Print the whole listing below exactly, skipping every picture.

*** DATASET EXCERPT ***

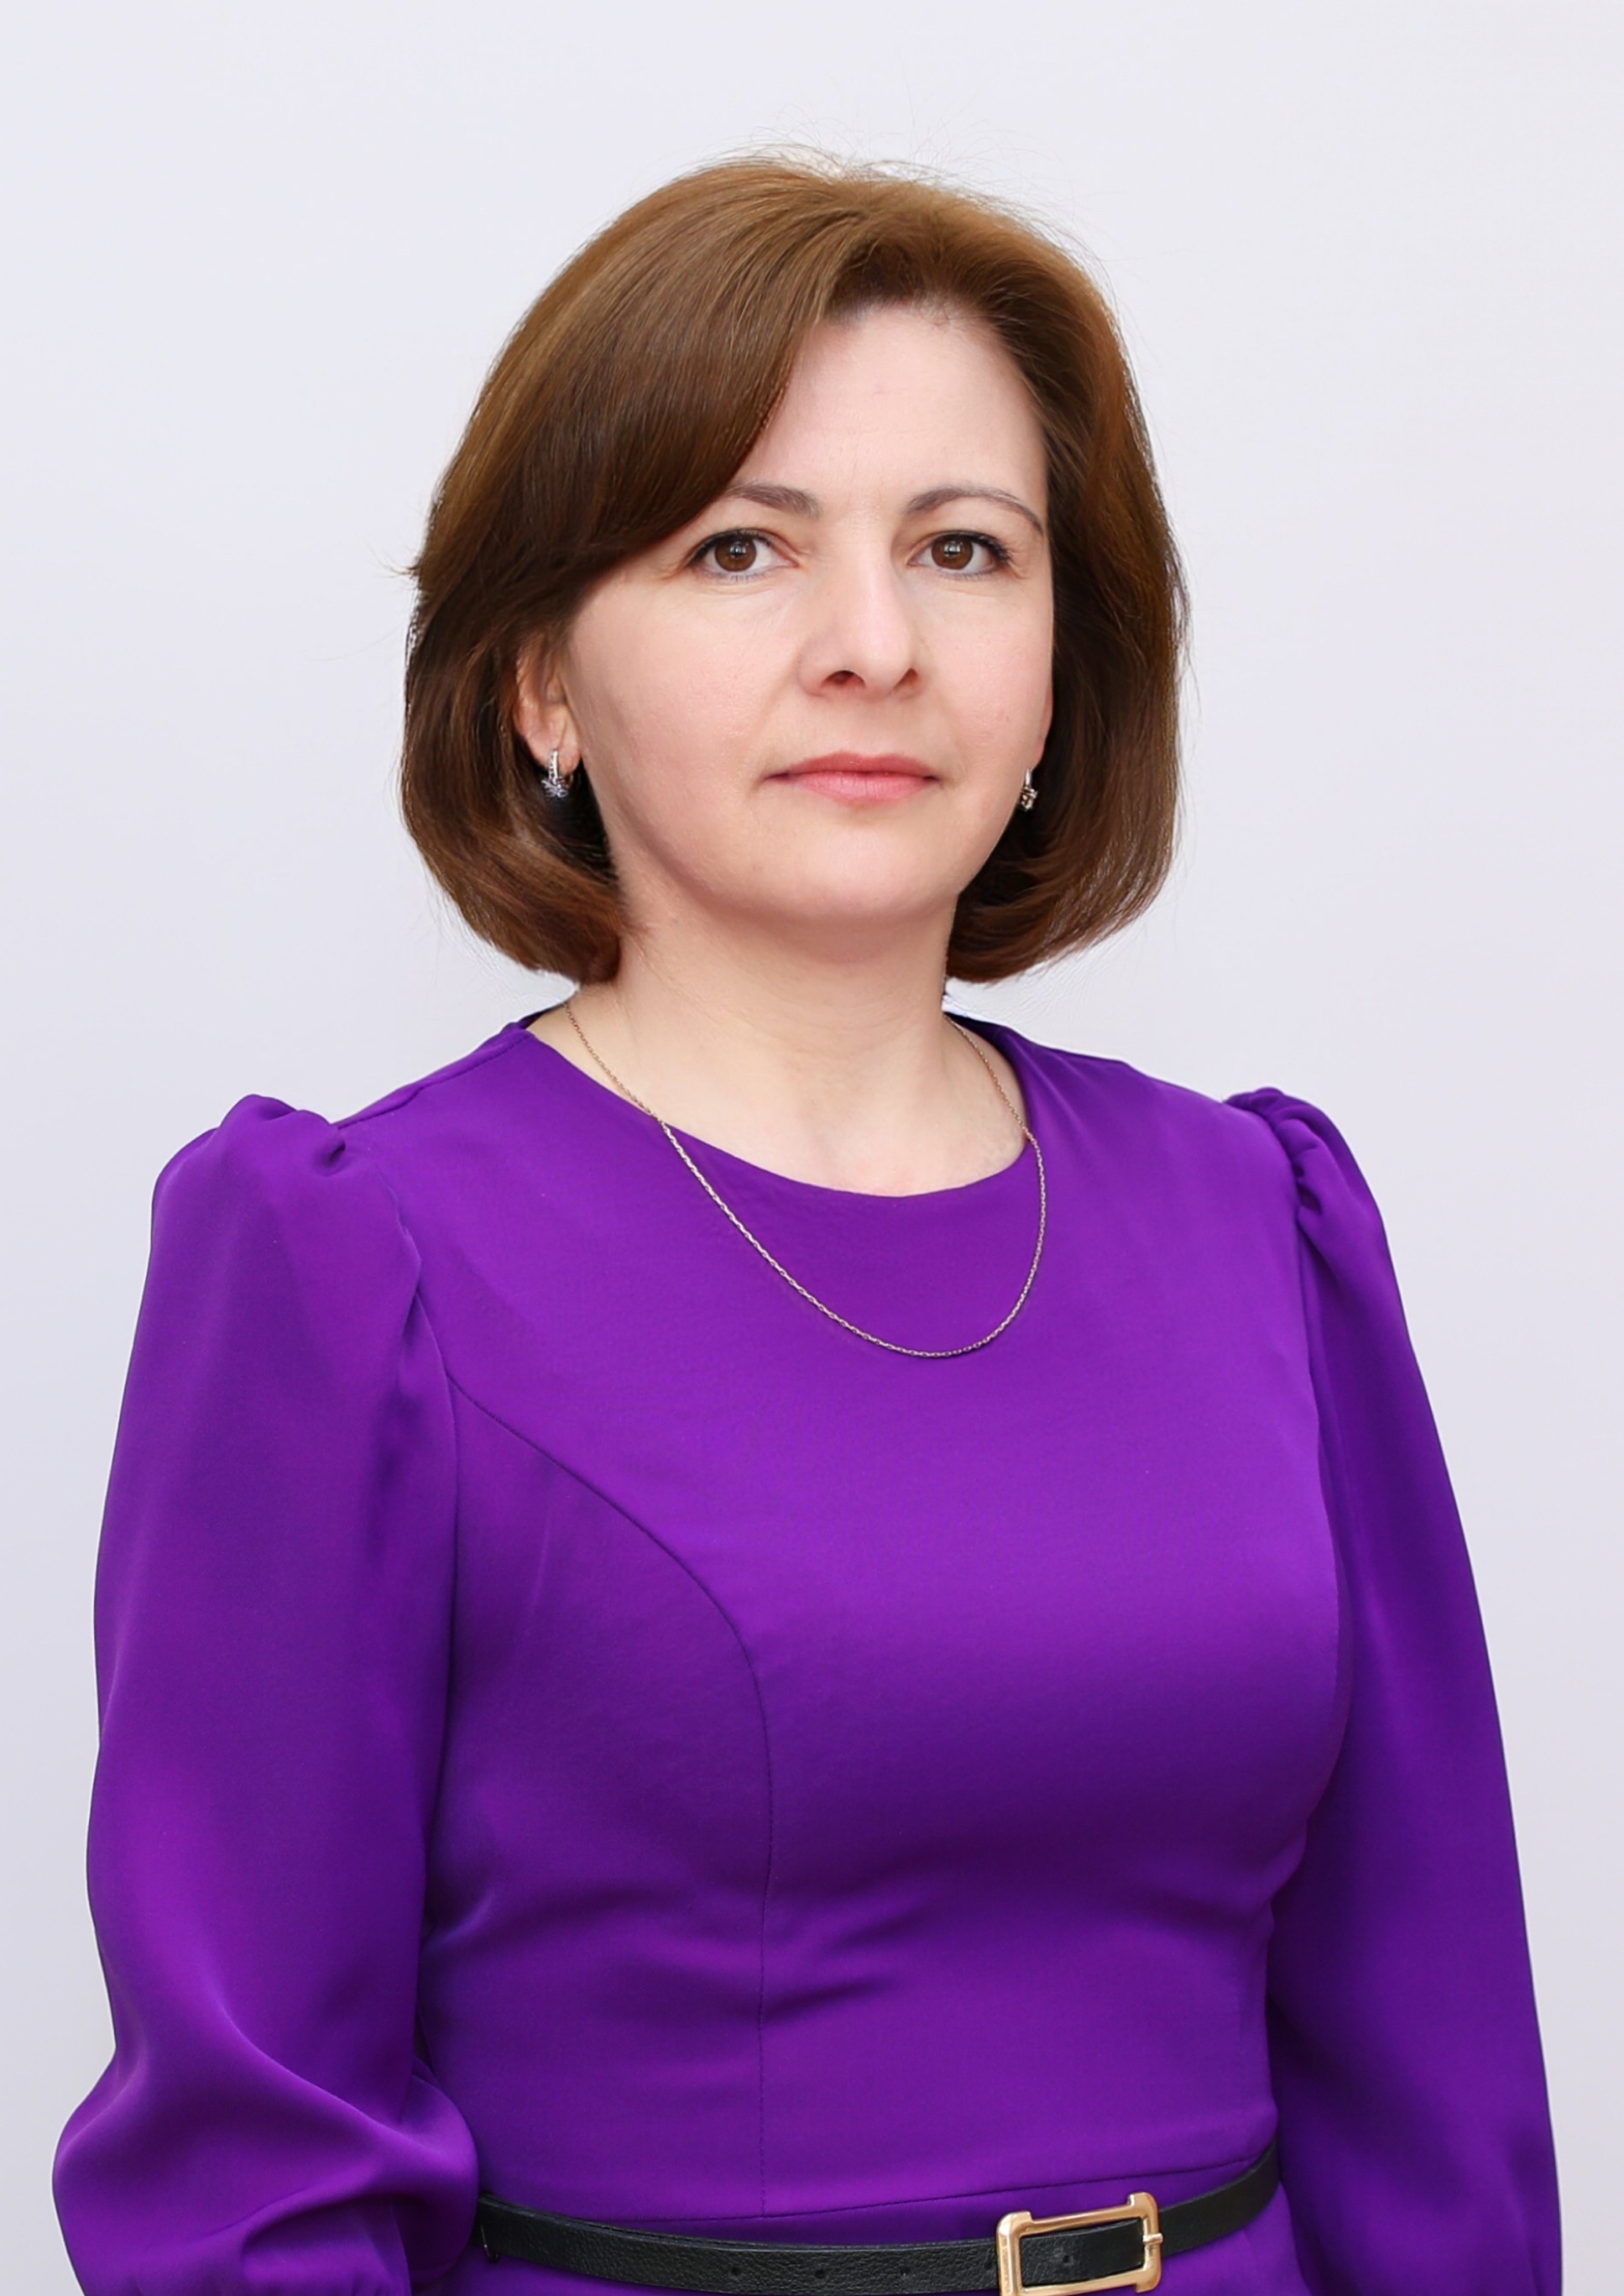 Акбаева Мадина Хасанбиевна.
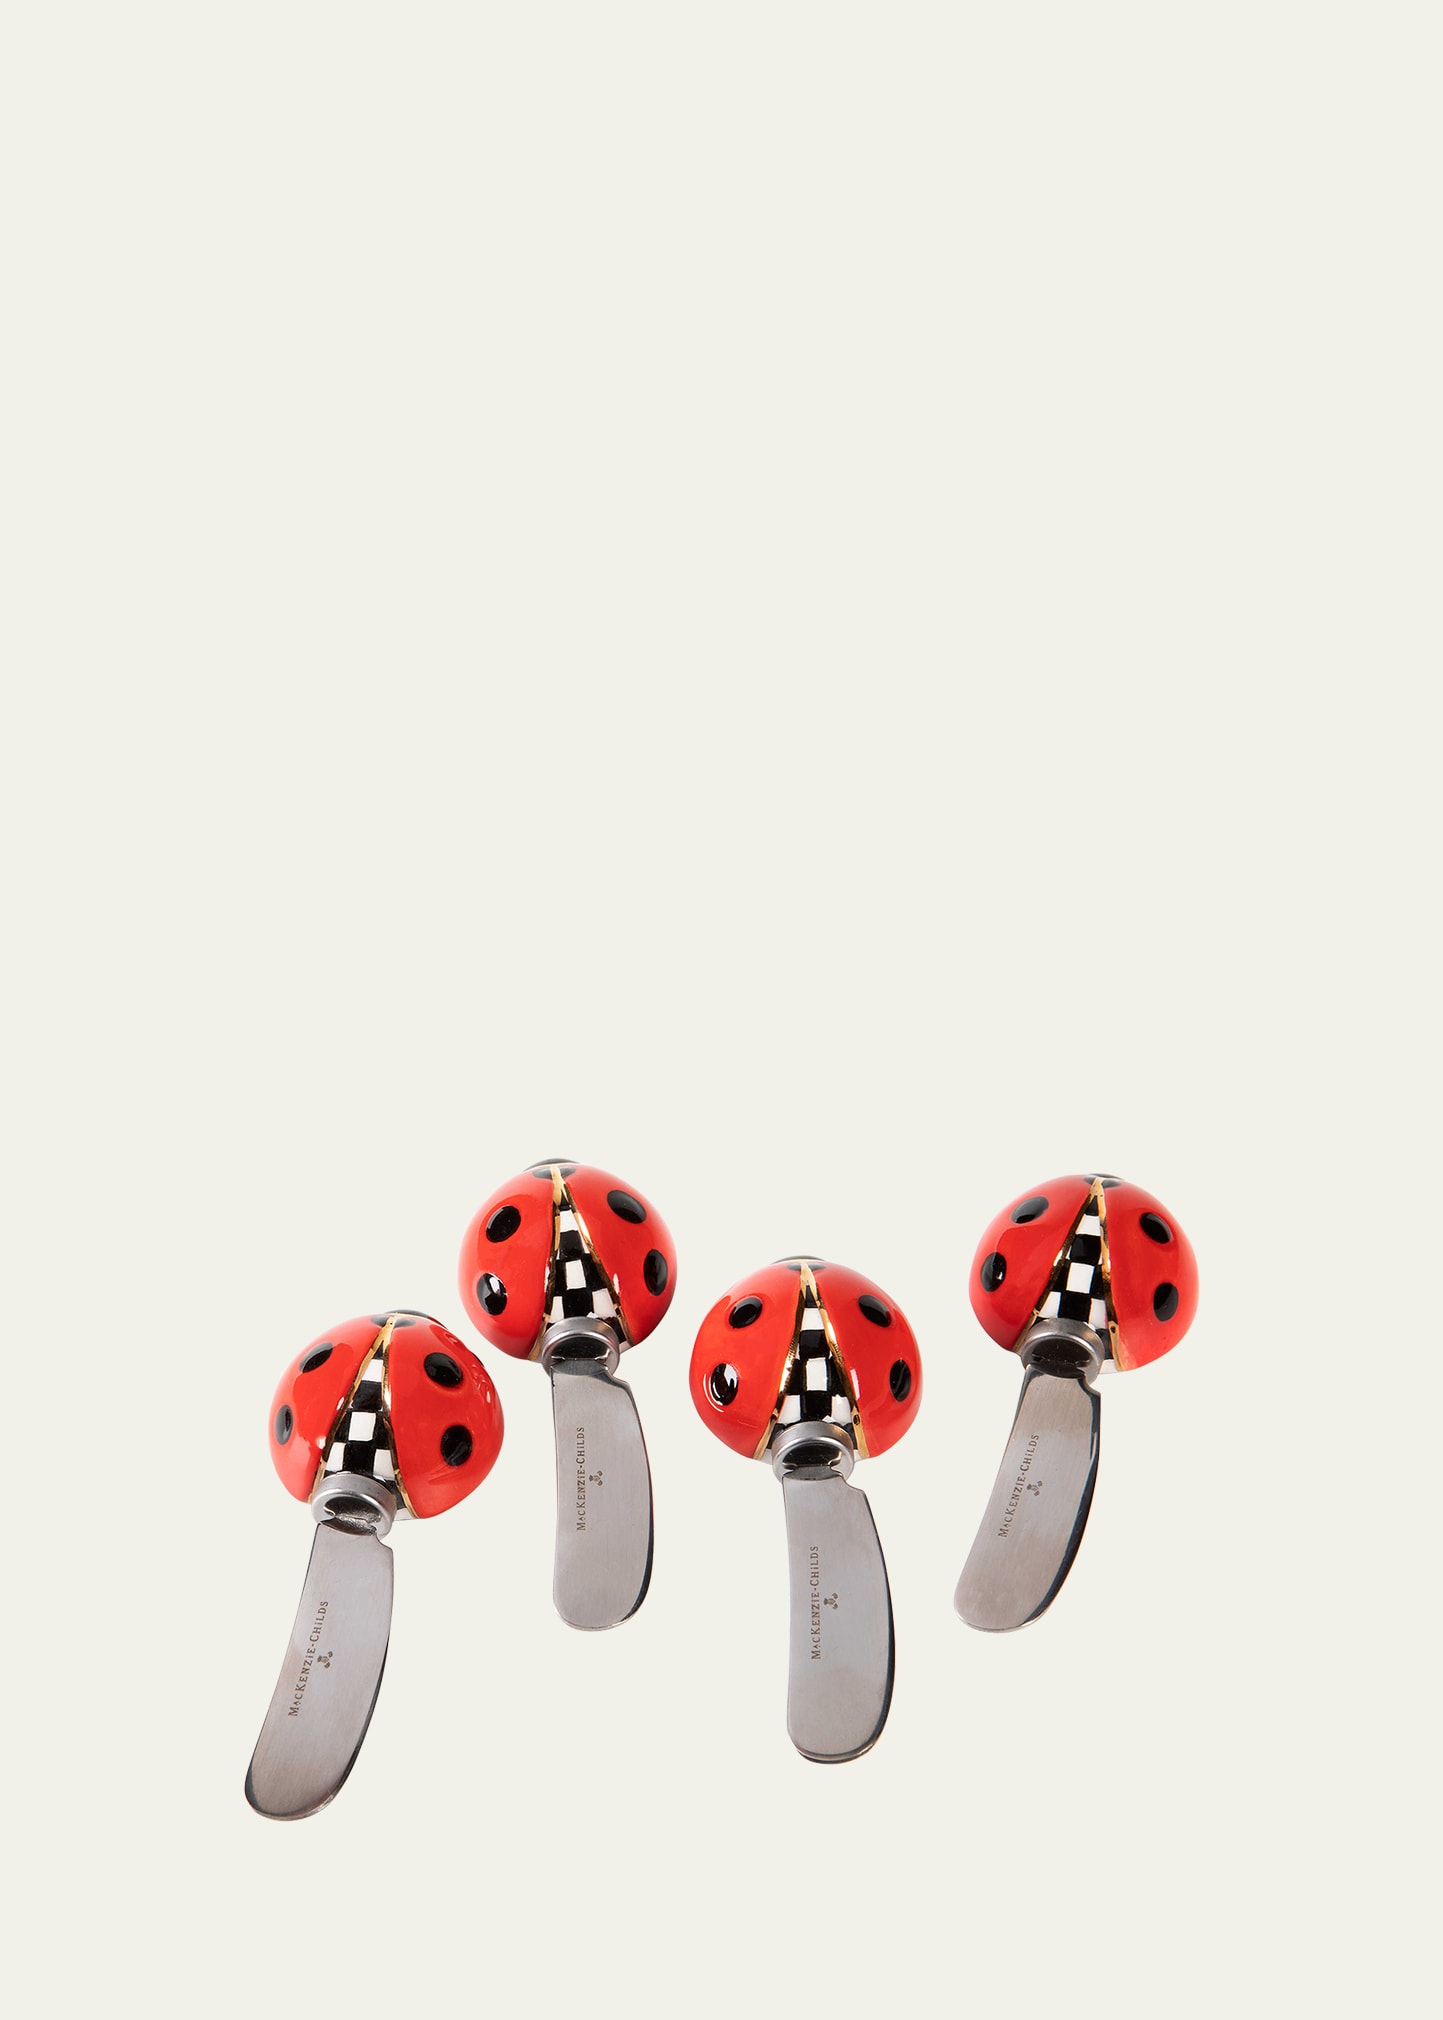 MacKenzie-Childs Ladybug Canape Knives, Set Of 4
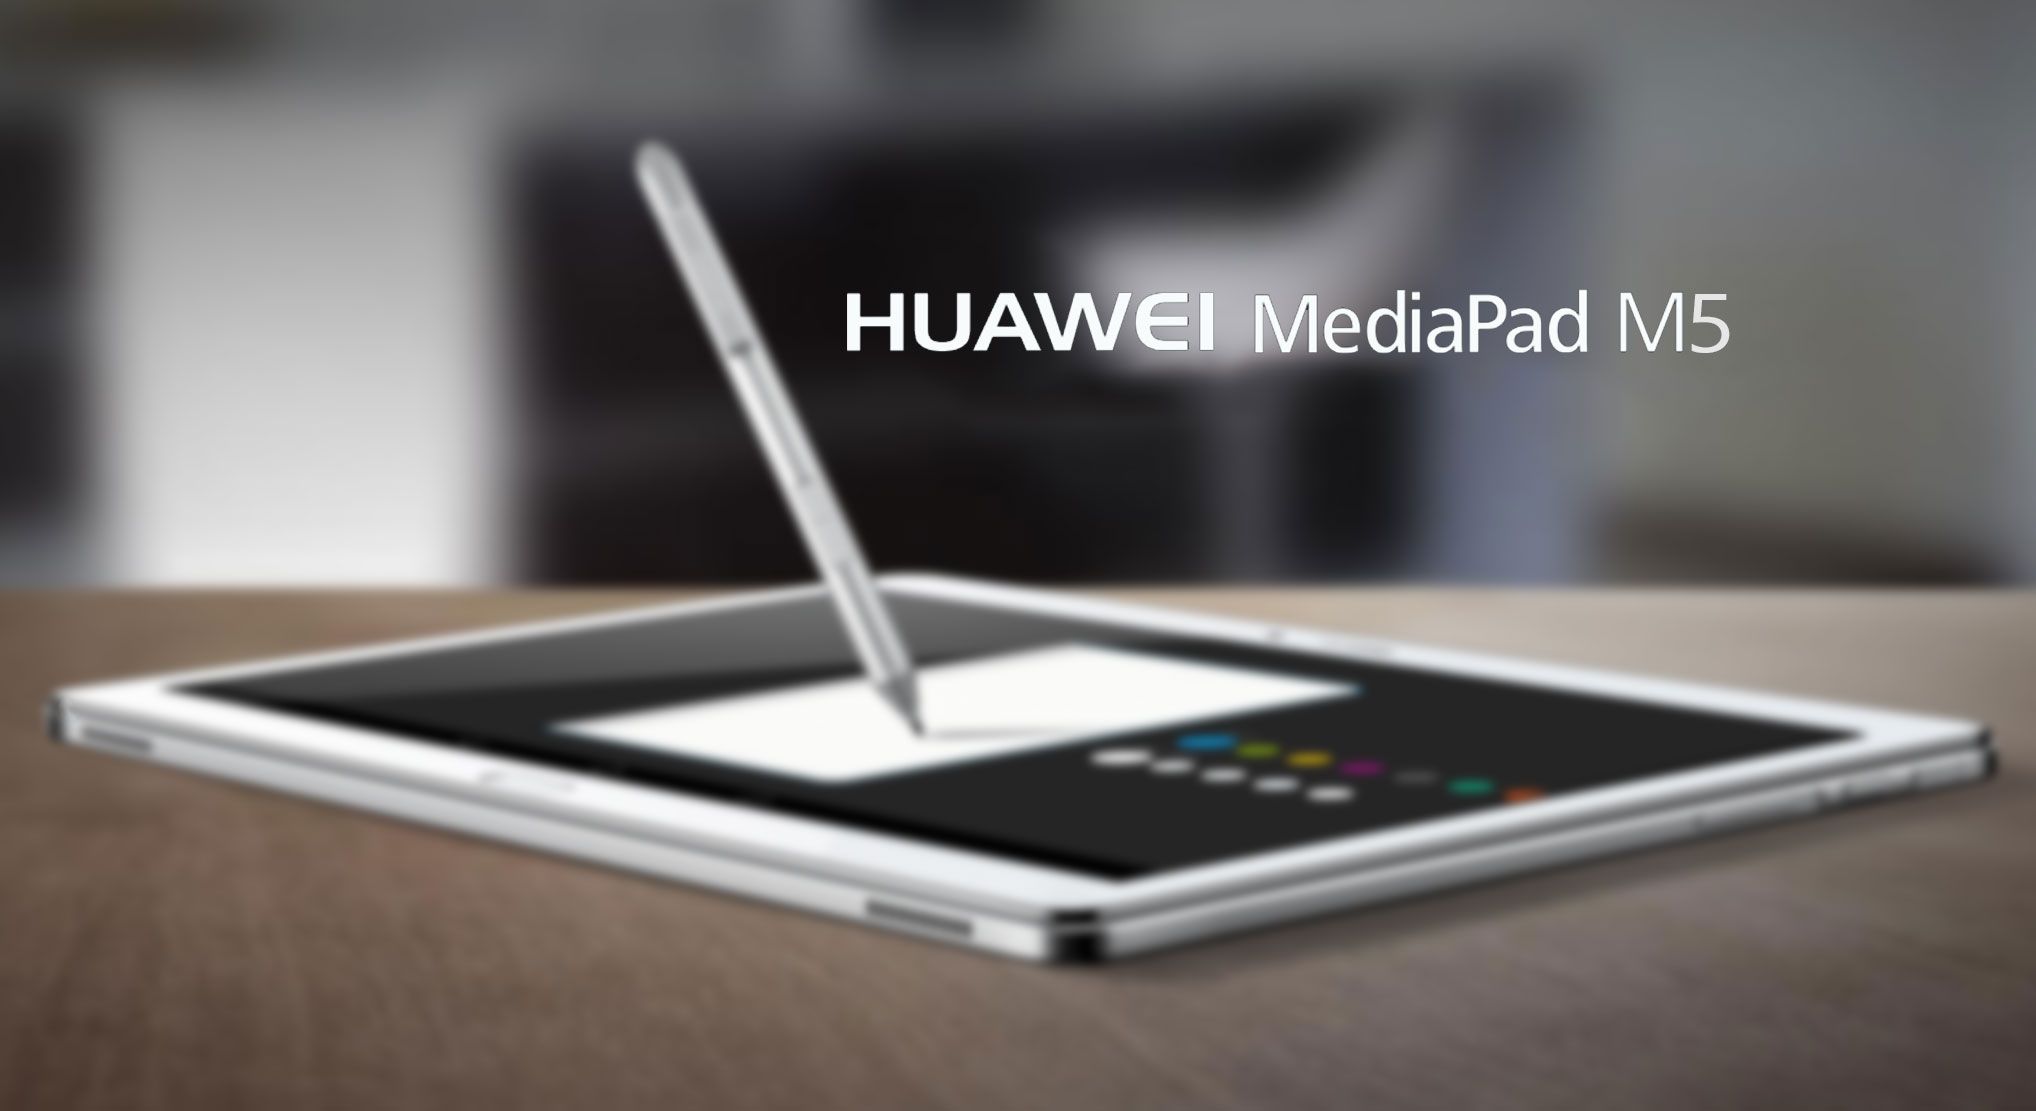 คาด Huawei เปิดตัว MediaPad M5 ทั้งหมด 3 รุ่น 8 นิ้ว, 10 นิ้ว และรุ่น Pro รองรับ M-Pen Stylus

*** End of DATASET EXCERPT ***

OUTPUT OF THE EXERCISE:
 Акбаева Мадина Хасанбиевна.
 MacKenzie-Childs Ladybug Canape Knives, Set Of 4
 คาด Huawei เปิดตัว MediaPad M5 ทั้งหมด 3 รุ่น 8 นิ้ว, 10 นิ้ว และรุ่น Pro รองรับ M-Pen Stylus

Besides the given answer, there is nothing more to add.